Question

An insurance company finds that the ages of motorcyclists killed in crashes are normally distributed with a mean of 26.9 years and a standard deviation of 8.4 years. a) If we randomly select one such motorcyclist, find the probability that he or s he was under 25 years of age.

Answer 1

0.41053

Explanation:

The z-score, also known as standard score / z-value / normal score. It is a quantity without dimensions which can be used to determine number of standard deviations by which a number is far from the mean value. Numbers over the mean have positive z-scores and below the mean have negative.

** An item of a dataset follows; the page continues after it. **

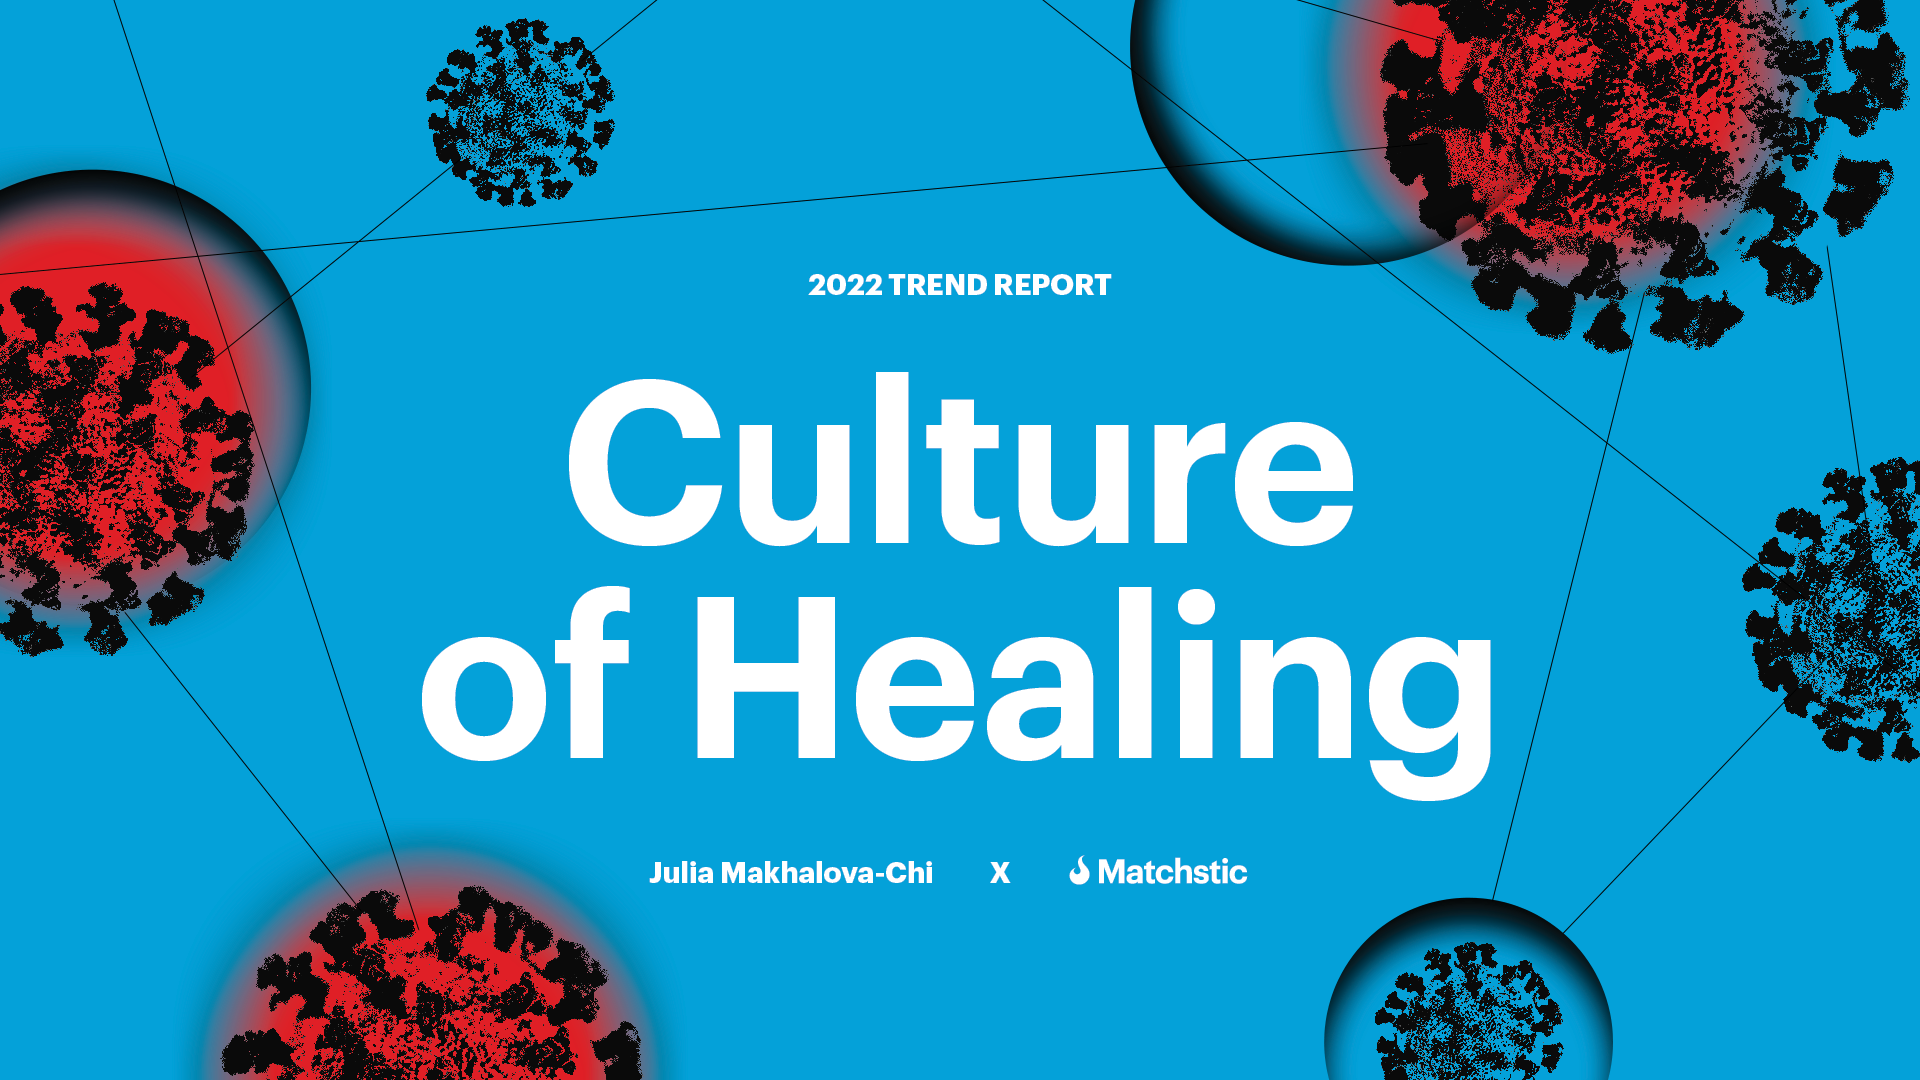 culture-of-healing-photo-trend-report-image-01.png

Here X is below the the mean so the z score is negative.

As we know

Z Score = (x - μ) / σ

Z Score = ( 25 - 26.9 ) / 8.4

Z score = -0.2262

Now We calculate P Value

P(X<25)=P ( z < -0.2262 )

P(X<25) =1 - P ( z < 0.2262)

P(X<25) =1 - 0.58947

P(x<25) = 0.41053

The probability that he or she was under 25 years of age is 0.41053.

Answer 2

0.41053

Explanation:

[TeX]z=\frac{x-\mu}{\sigma}[/TeX]

[TeX]z=\frac{25-26.9}{8.4}[/TeX]

z=-0.2262

P(X<25)=P(z<-0.2262)

=1-P(z<0.2262)

=1-0.58947

P(x<25) = 0.41053

The probability that a randomly selected person is under the age of 25 is 0.41053.